There are 2 types of 5-a-reductase in the human body: I and II. Their distribution in tissues is not the same: in the prostate, testicles and their appendages, penis head, scrotum, seminal vesicles, liver and chest, type II isoenzyme is found; type I is found mainly in the scalp, back and chest, sebaceous glands, liver, adrenal glands and kidneys. Finasteride primarily inhibits type II isoenzyme, which is responsible for most of the DHT in the blood.
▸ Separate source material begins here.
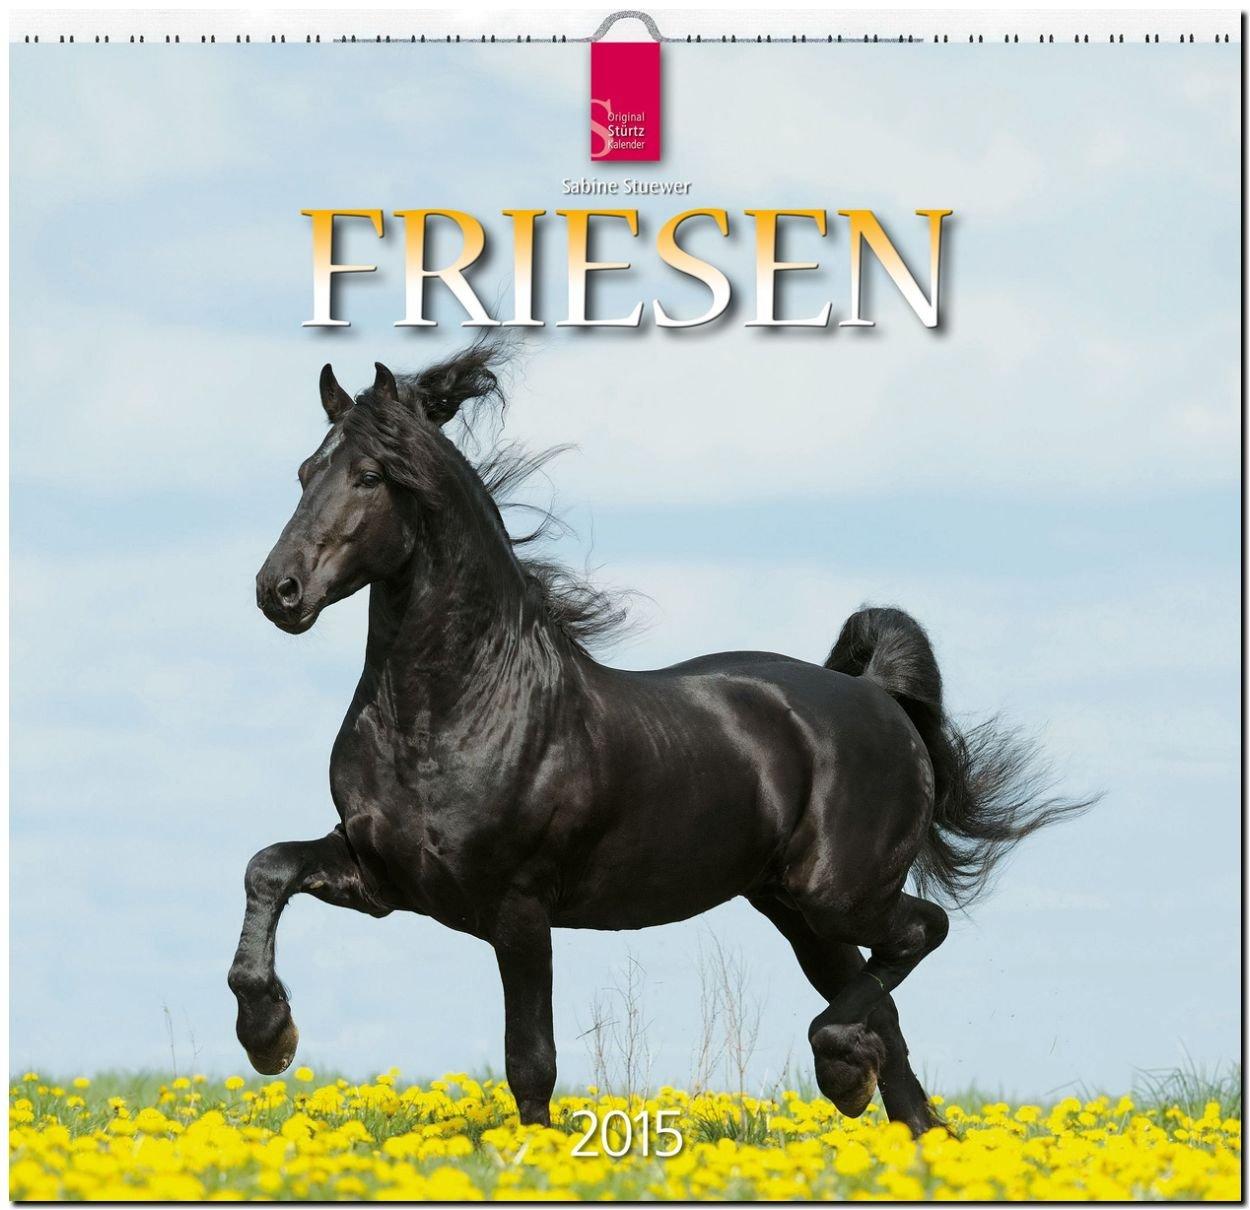 Friesen 2015 - Original Stürtz-Kalender - Mittelformat-Kalender 33 x 31 cm

A single dose of finasteride rapidly and significantly alters plasma levels of DHT. A single 5 mg dose of finasteride reduces plasma levels of DHT by 75%, which reaches its lowest level at 24 hours, then returns to baseline within 7 days.
In multiple doses, finasteride remains effective. Finasteride reduces DHT levels in the prostate itself by
Prostat-specific antigen (PSA) is a sensitive and specific androgen-dependent marker of prostate carcinoma. In most cases, there is a rapid decrease in PSA levels after several months of treatment with finasteride and then a new baseline.
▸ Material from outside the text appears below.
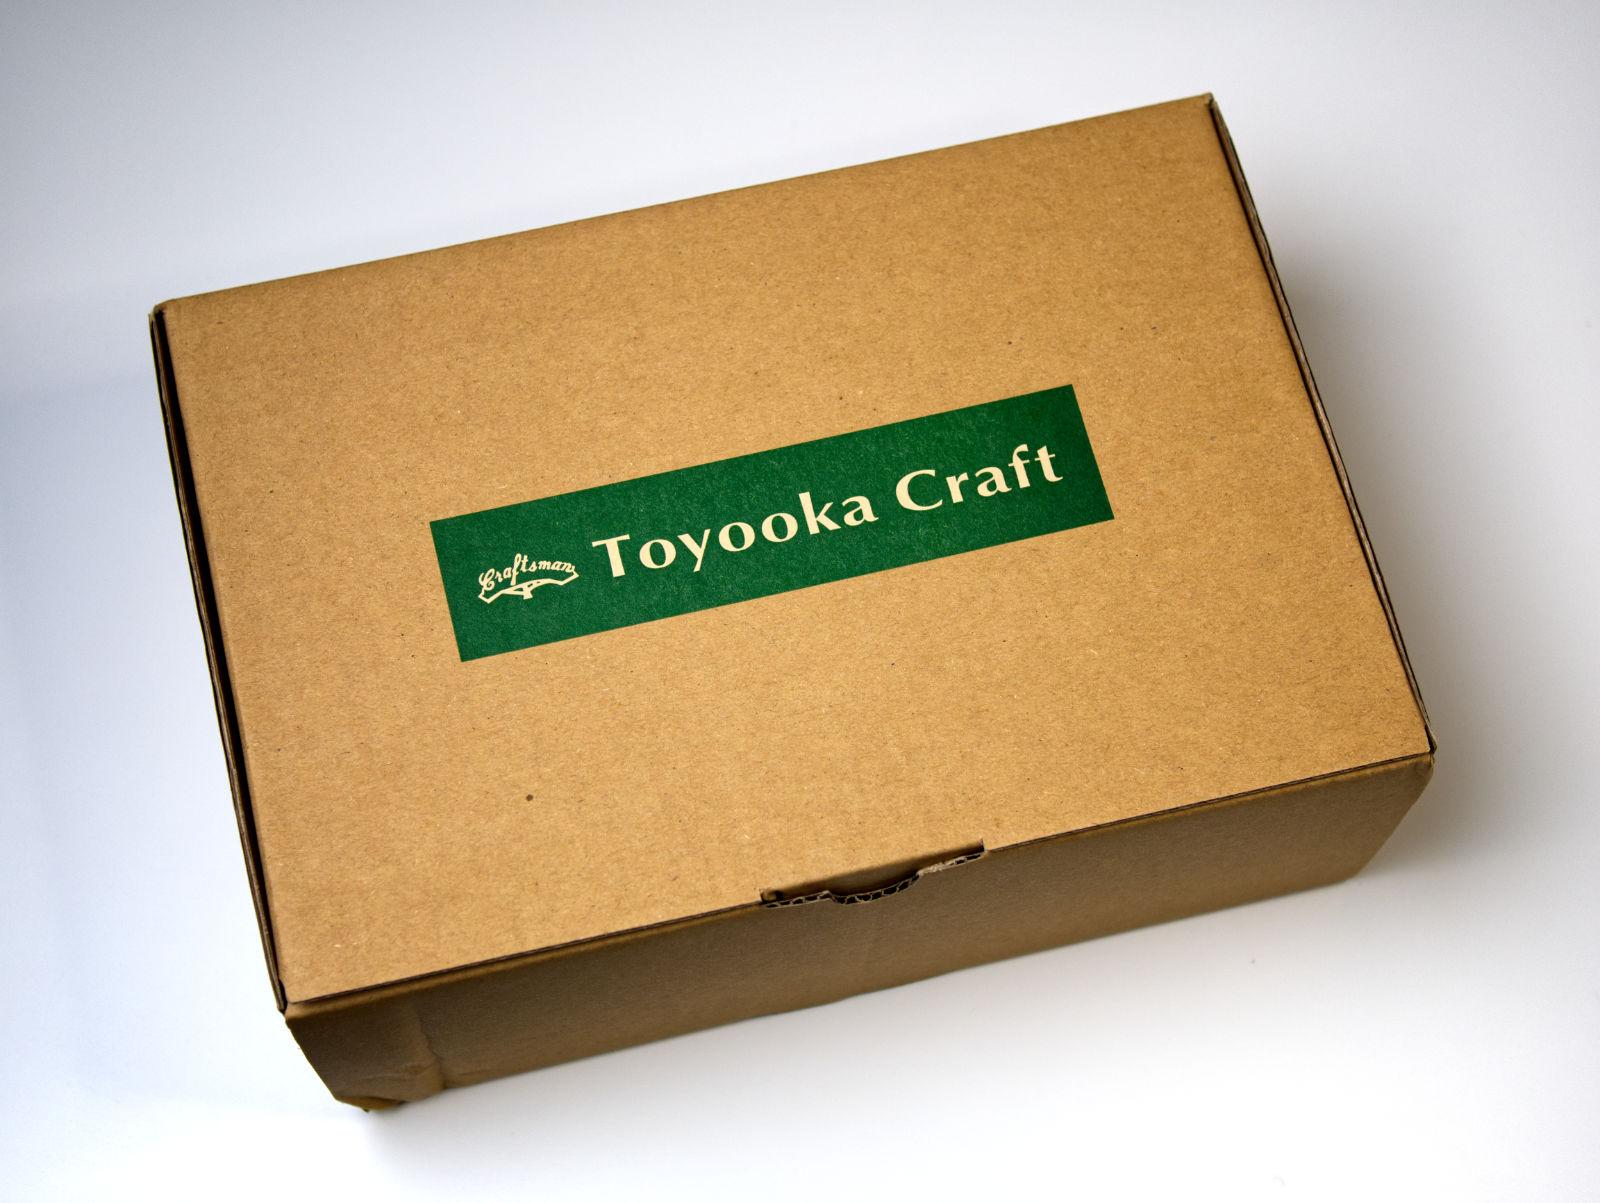 Toyooka Craft Watch Box Bubble Wrap

After 1 year of taking 5 mg doses of finasteride, the average PSA concentration drops by 50%.
Finasteride has no affinity for androgen receptors and no other hormonal action. Following the discovery of 5-a-reductase and the description of 5-a-reductase deficiency syndrome type II (male hermaphroditism), the role of androgens in benign prostatic hyperplasia has been reconsidered. Prostate development depends on DHT, a strong androgen. In 5-a-reductase deficiency against a background of normal or high testosterone levels in adulthood, prostatic atrophy is observed.
DHT activates androgen receptors, forming dimers after attachment to them, which, binding to DNA, directly or indirectly promote cell proliferation by changing expression of genes responsible for proliferation and apoptosis. In intact prostate the processes of apoptosis and proliferation are in equilibrium. Despite the fact that the factors provoking prostatic hyperplasia at the molecular level are not known, the role of DHT in this is very probable. Specific type II 5-a-reductase inhibitors are able to reduce prostate levels of DHT and promote the reversal of prostatic hyperplasia. There was significant lethality in mice and rats of both sexes when the first single dose of finasteride, equal to 1500 mg/msup>2 (500 mg/kg), and to the latter 2360 mg/m2 (400 mg/kg for females) and 5900 mg/m2 (1000 mg/kg for males). Low doses of the drug fed to pregnant rats caused genital malformations in male offspring.
Pharmacokinetics
Absorption: rapidly absorbed from the gastrointestinal tract, reaching maximum plasma concentration of 37 ng/ml in 2 hours. There is no significant difference in the elimination half-life and time of maximum concentration in multiple dosing or after it. No cumulation is observed during 7-day dosing, the saturation stage occurs after 4 days. Food intake does not affect absorption and plasma concentration. Bioavailability: 80%.
Distribution: decreased renal function does not affect the binding to plasma proteins, which is 90%. Finasteride penetrates well into tissues and biological fluids, including brain, and into sperm. When infusing 5 mg of finasteride for 1 h, the volume of distribution is 76±14 l.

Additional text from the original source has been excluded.